The impact of technology on the music business is well understood, but it is also having a dramatic impact on the music buying population, which in turn is changing the face of mainstream music.  Digital music has so far been a journey for the more engaged, technology savvy music fan.  Some of these have discovered free music, others a la carte, others streaming.  All of these behaviours have eaten away at sales of the music industry’s core product: the album.   Yet the CD album remains the music industry’s number 1 global music product and in key markets like Japan and Germany it accounts for approximately three quarters of sales. The problem of course is that CD buyers are steadily falling out of the market (10.5 million people have stopped buying music entirely in the UK and US since 2008).  Though re-releases and discounted catalogue sales have helped bump up volumes in some markets, the net result is that new release album sales are dwindling.  Even more interestingly though, the abandonment of the album by engaged music fans is changing the face of the top 10 (see figure).

top 10 album sales us

Looking at how the US top 10 albums chart has evolved since 2000 reveals a few key trends:

  • Sales have tumbled sharply: the top 10 albums accounted for 56.4 million unit sales in 2000, by 2012 this had dropped by 38.7 million to 17.7 million (a 69% drop). 
  • Some genres have fared better than others: the average number of sales per top 10 album for Rock, Pop, and Urban all fell by 75% between 2000 and 2012.  Country only fell by 66% and Adult by just 30%.  Adult, with artists like Michael Bublé, Adele, Susan Boyle and Josh Groban represent the new ‘safe’ market for album sales.
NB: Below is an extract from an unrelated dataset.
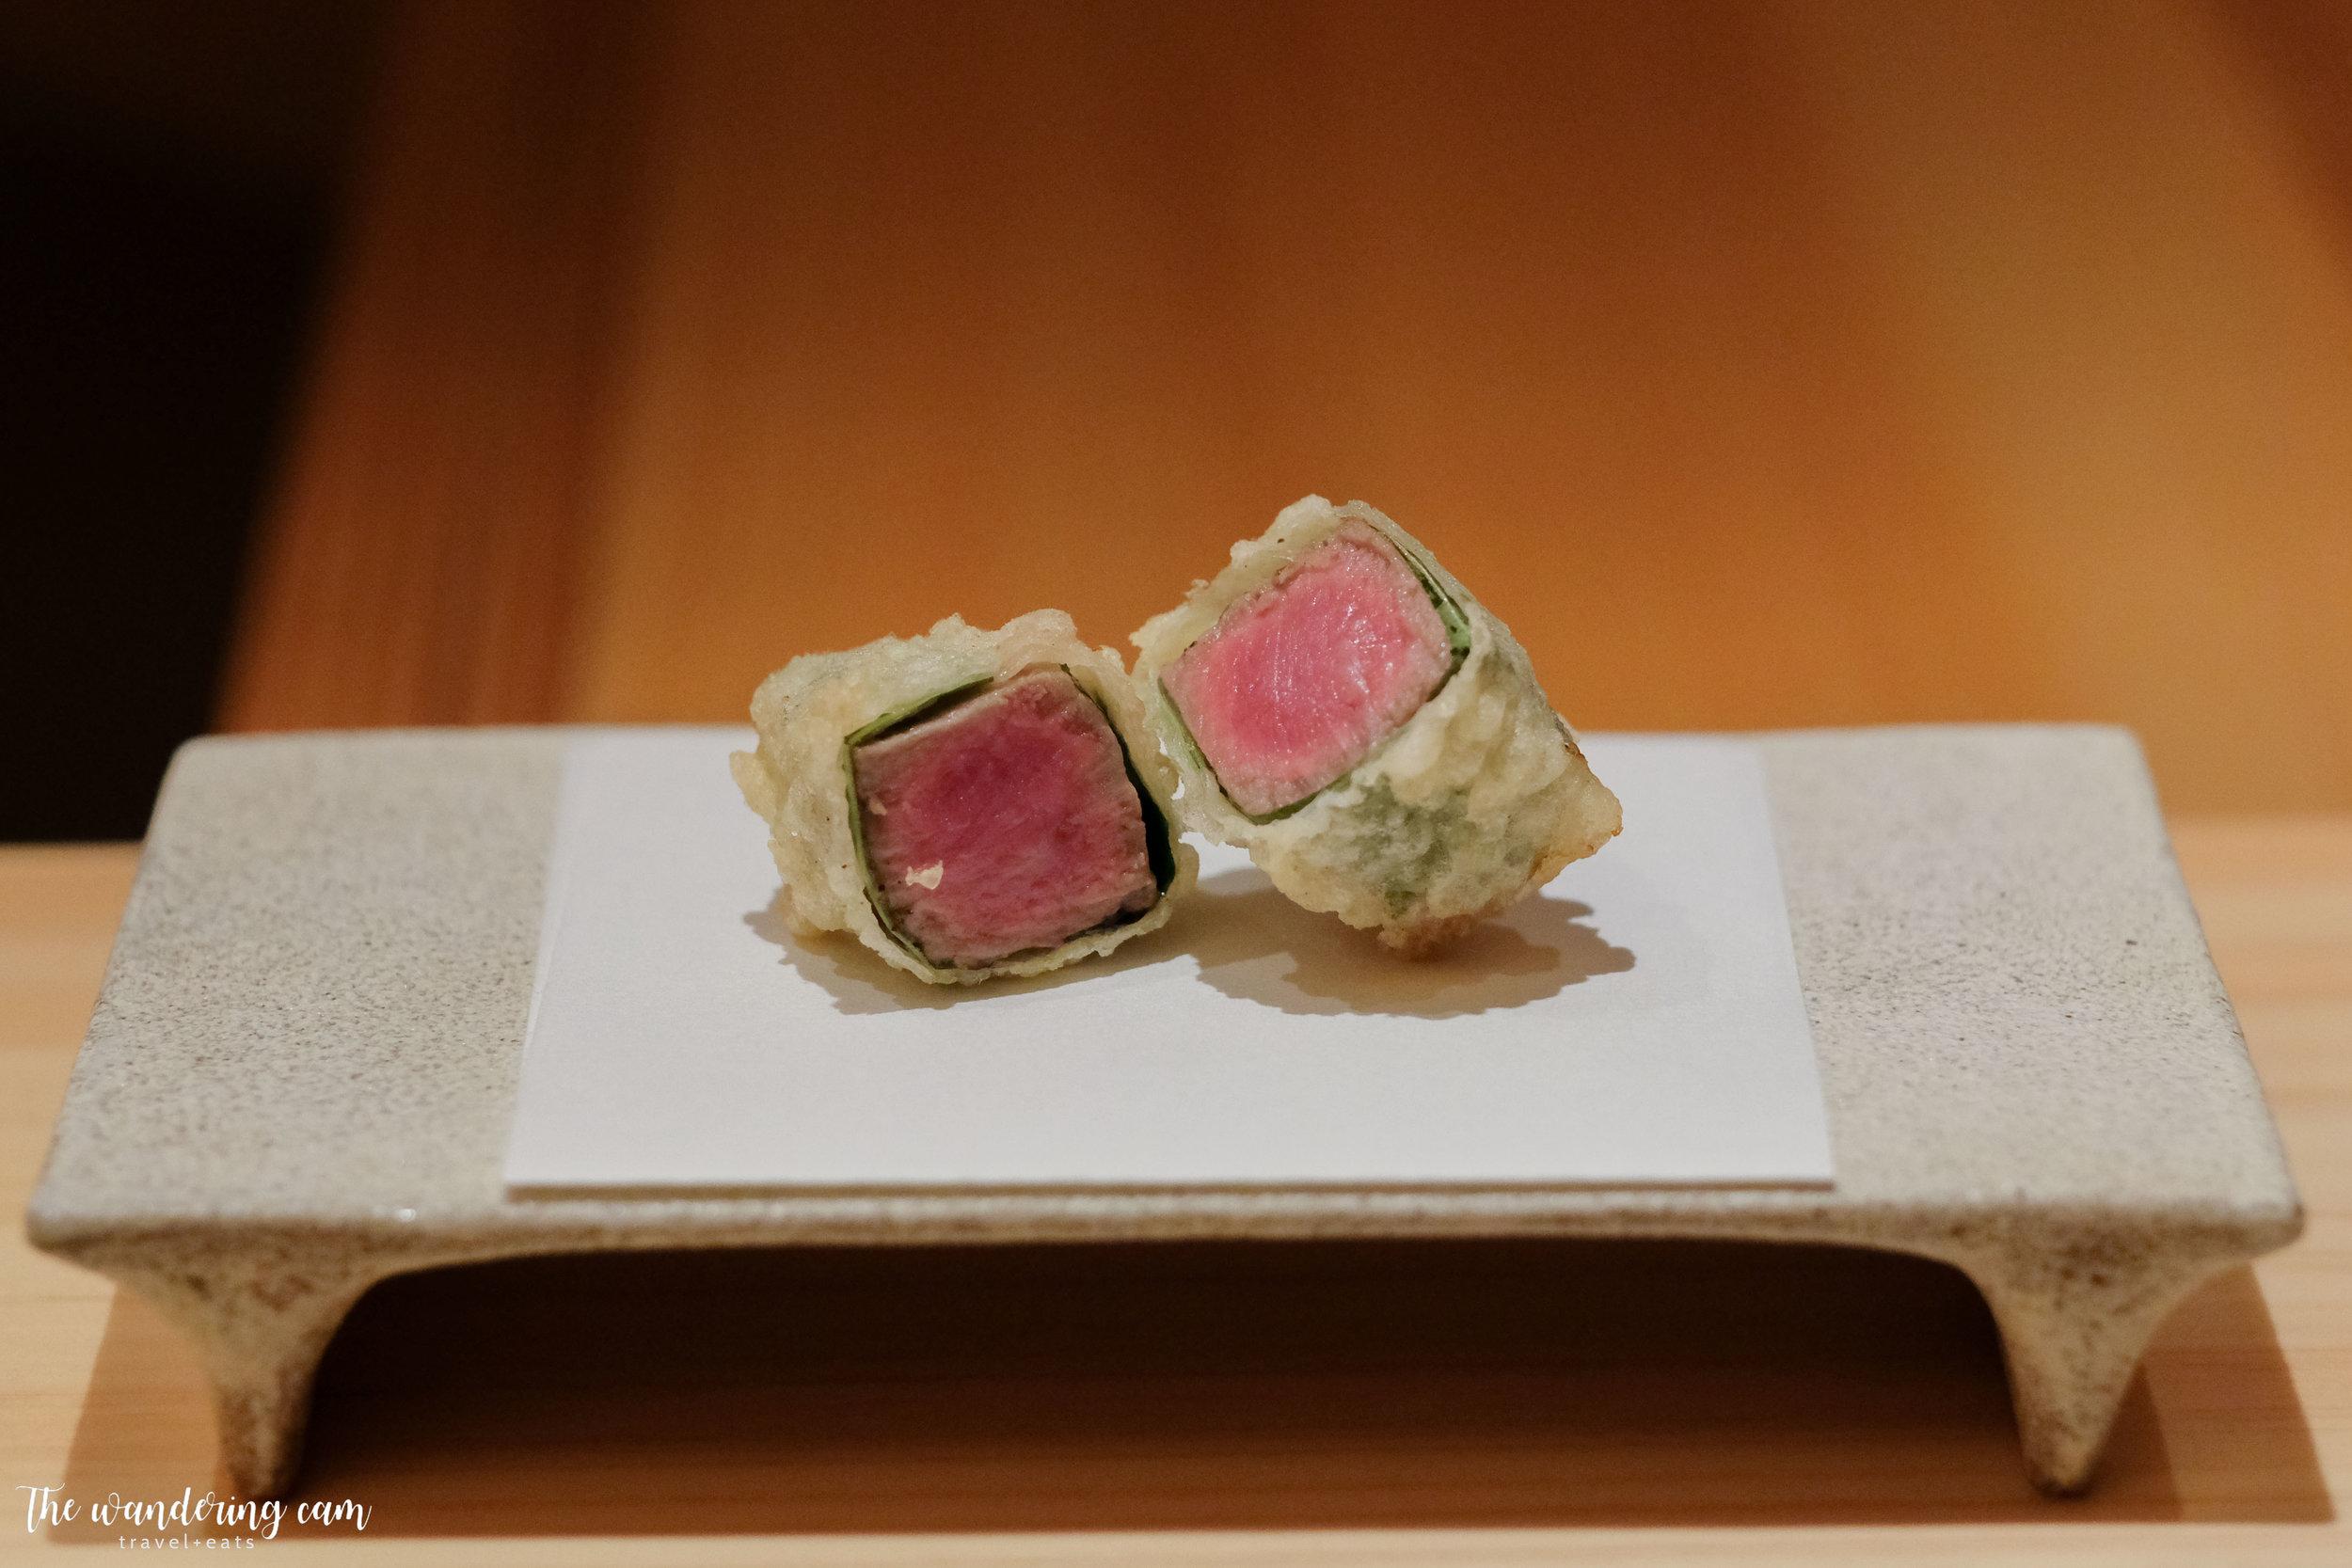 Tempura of Kagoshima wagyu wrapped in shiso leaf - paired with white truffle salt

These artists appeal to older music buyers who still predominately buy CDs and often rely upon mainstream outlets like Walmart. 
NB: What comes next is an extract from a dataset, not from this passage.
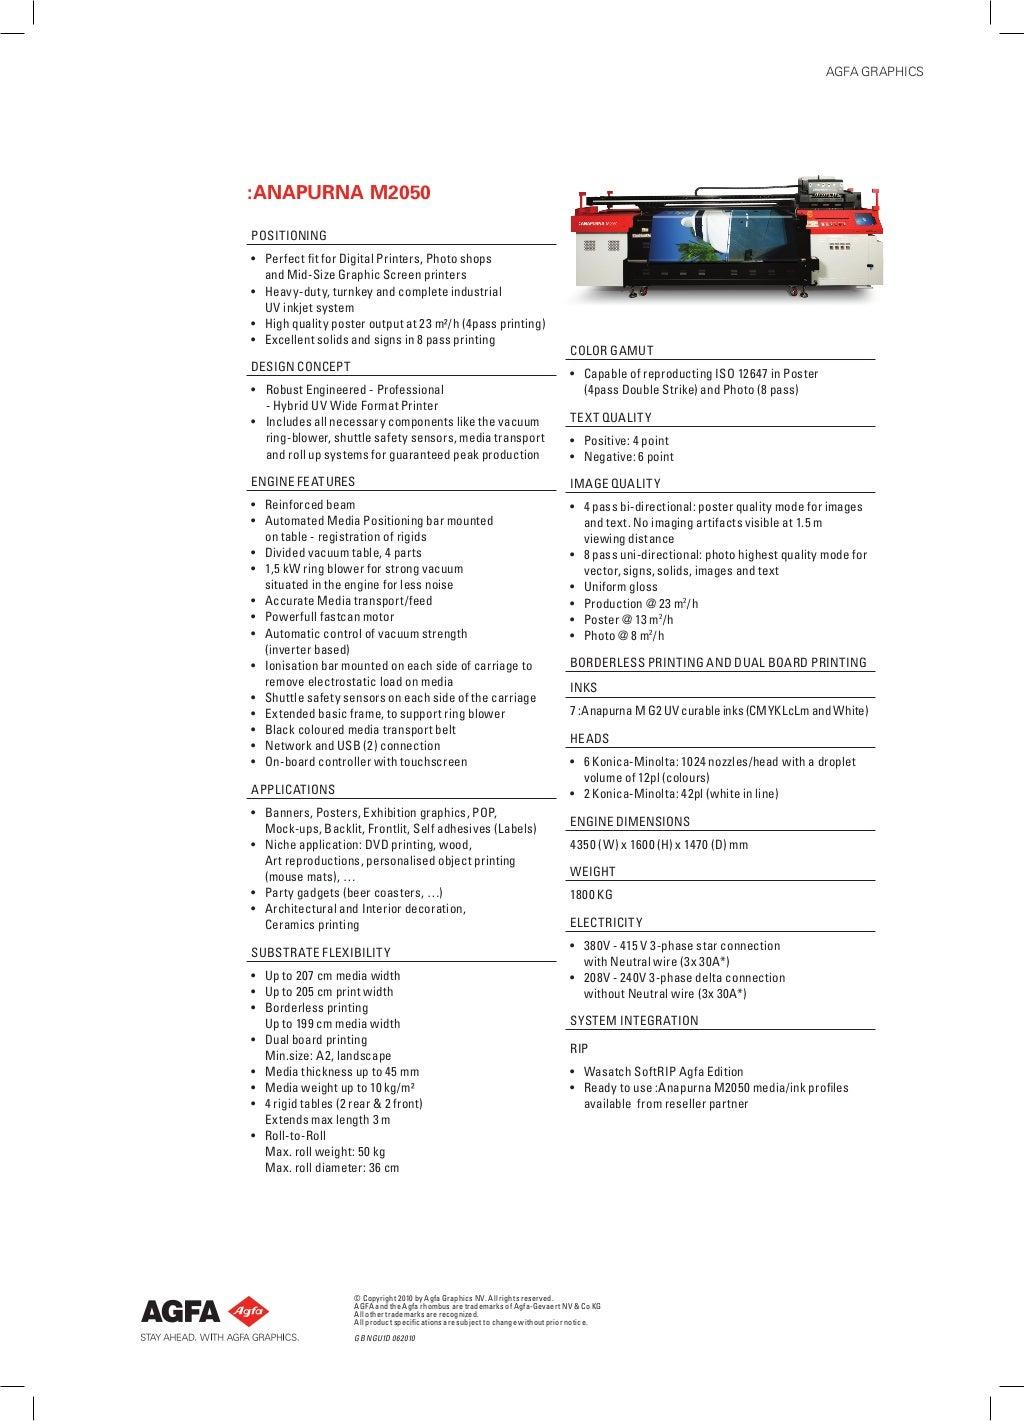 AGFA :Anapurna M2050 inkjet system

  • Genres have fluctuated: although Pop is more pervasive than ever and now represents 41% of top 10 album sales, the sales for today’s Pop artists pale in comparison with those of the 2000 peak.  One Direction’s 1.6 million and 1.3 million sales and Justin Bieber 1.3 million in 2012 compare miserably with ‘N Sync’s 9.9 million, Britney Spears’ 7.9 million and the Backstreet Boys’ 4.3 million in 2000.   Urban has also steadily declined over the period, from a high of 50% of top 10 sales in 2005 to zero in 2012, while Country has steadily grown its share from zero in 2000 and 2001 to 19% in 2012. Rock, following a few strong years from 2006 to 2008 has been relegated to a niche of no more than 8% every year since, disappearing entirely in 2010.
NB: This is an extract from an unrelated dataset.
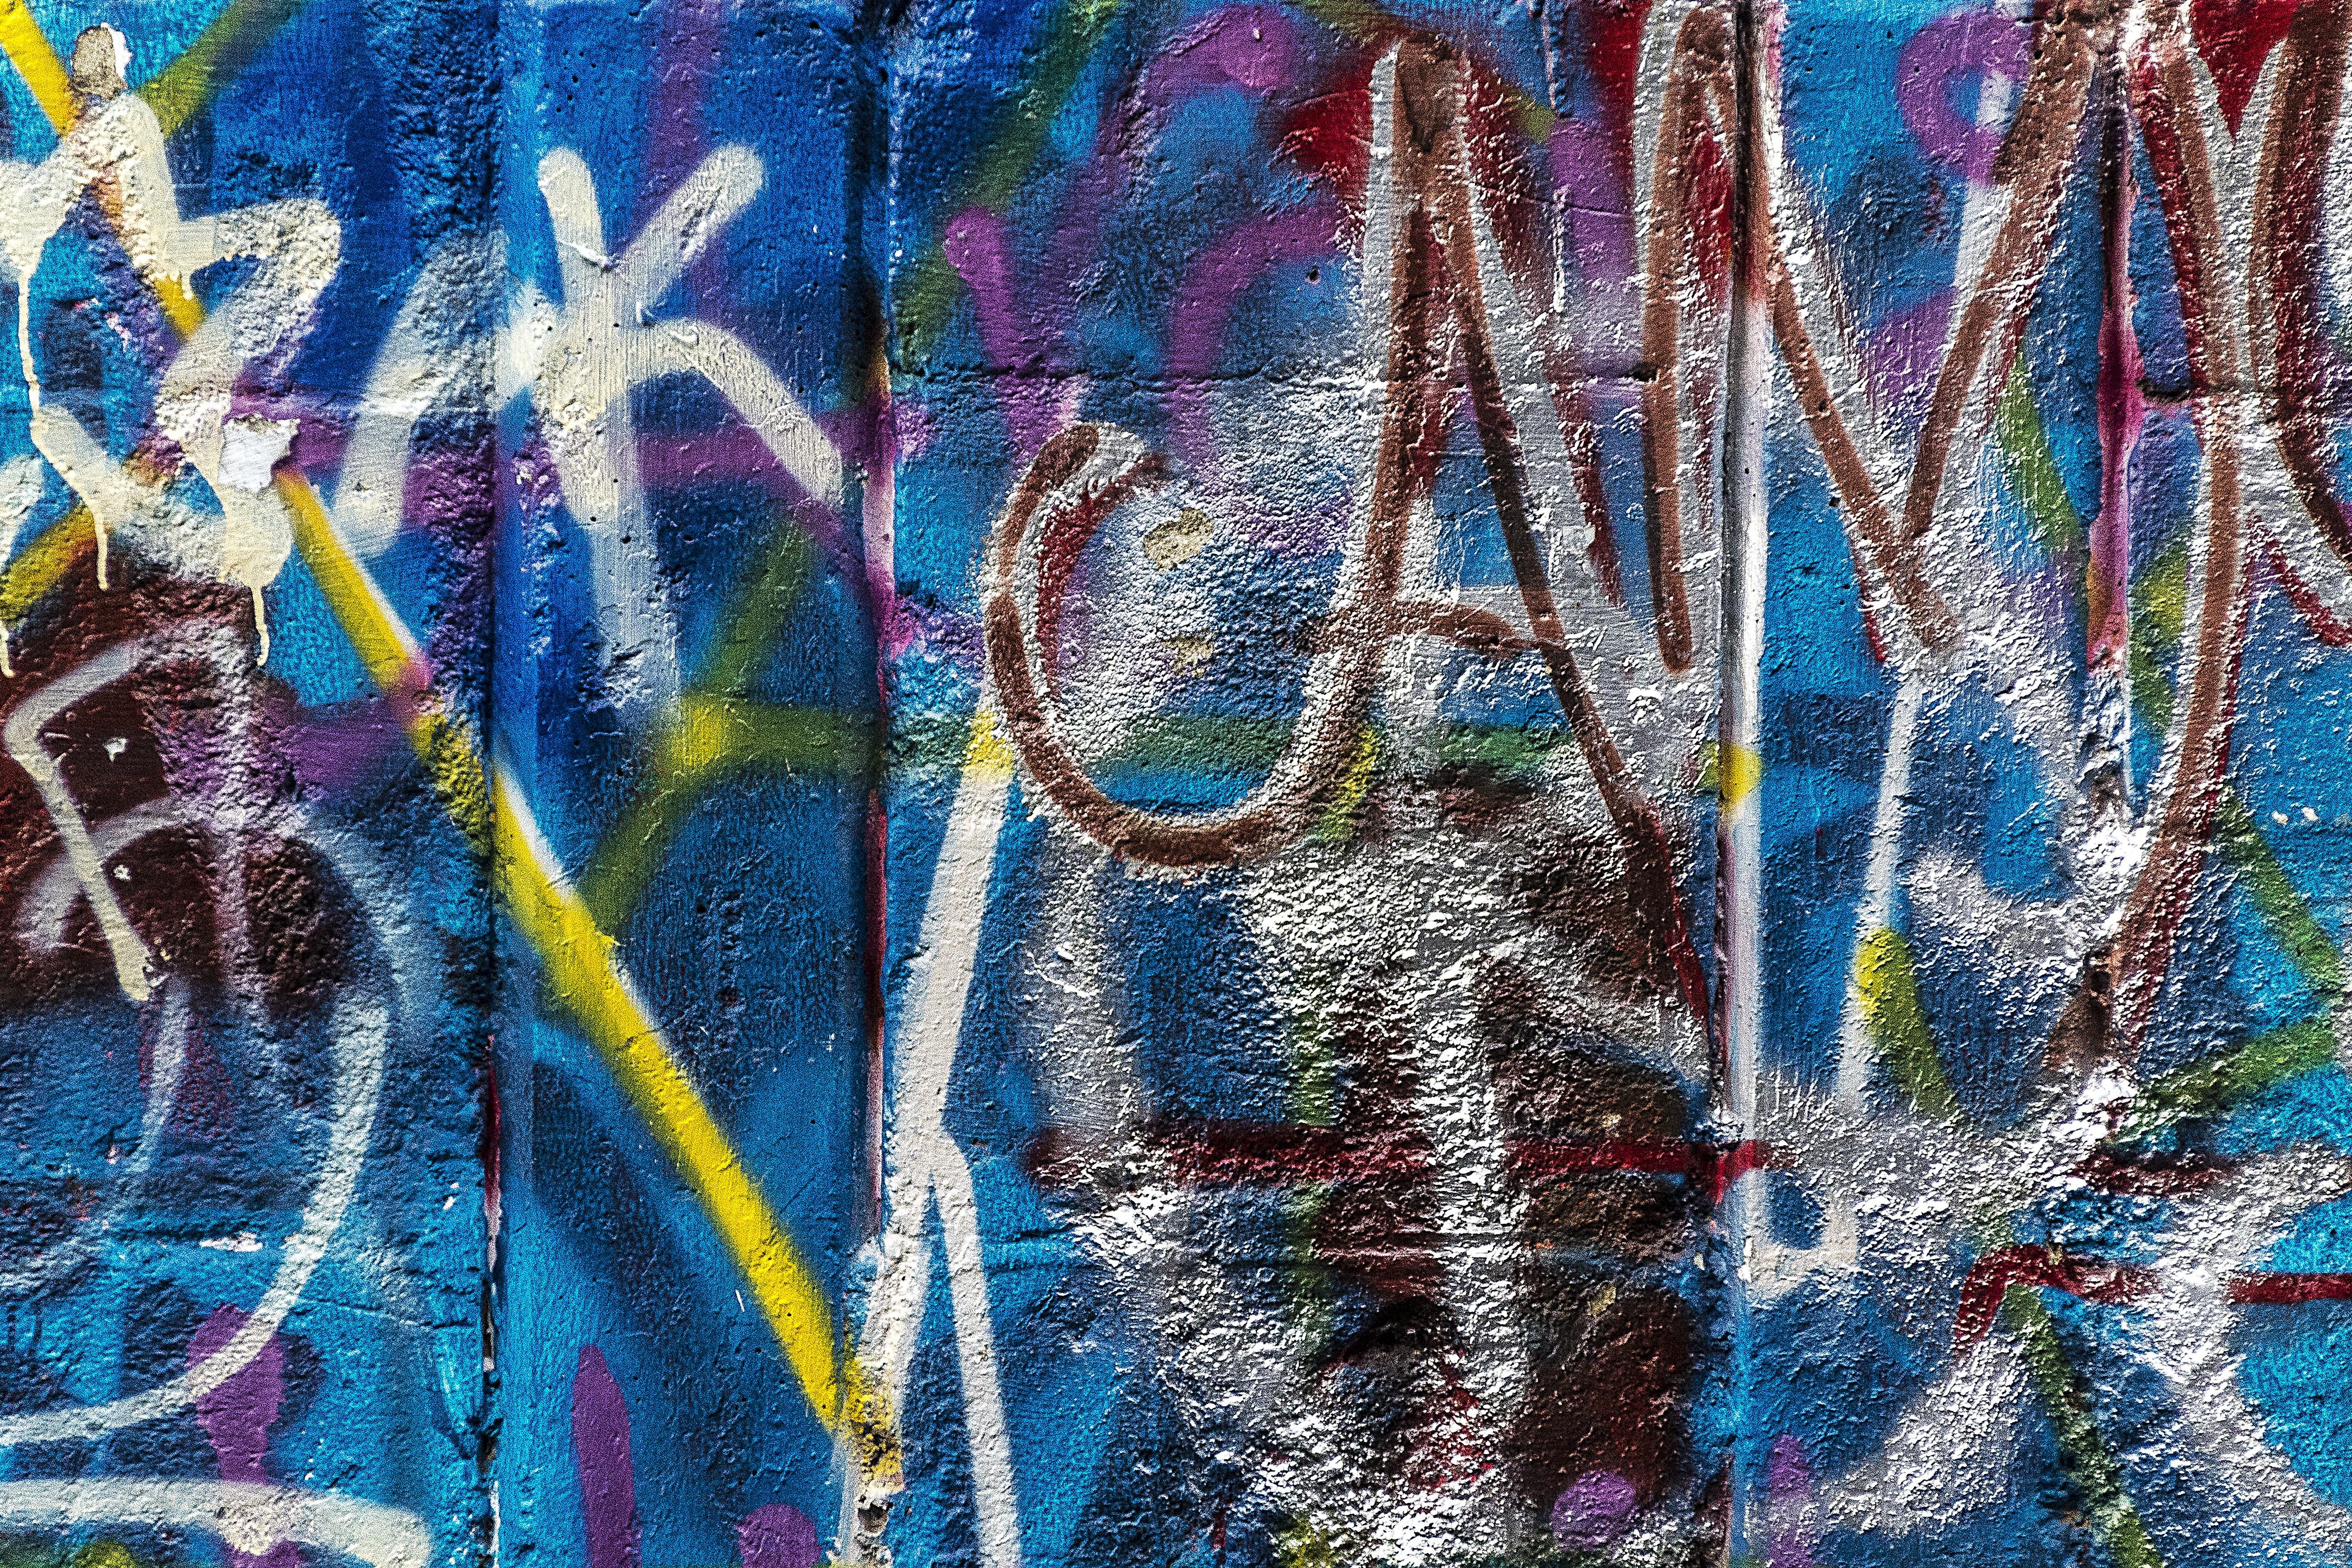 Abstract city urban color artistic grunge graffiti painting street art art vandalism background mural spray paint

Of course the top 10 album sales are not the whole music market, but that is sort of the point: the top 10 is becoming ever less of a measure of broader music buyer tastes and even further from the tastes of more engaged music fans.  Streaming and a la carte are empowering the music aficionados to deep dive, if not into the long tail, then certainly into the full torso of music, bypassing the short head of the top 10.  Leaving the top 10 as the pulse of the dwindling mainstream.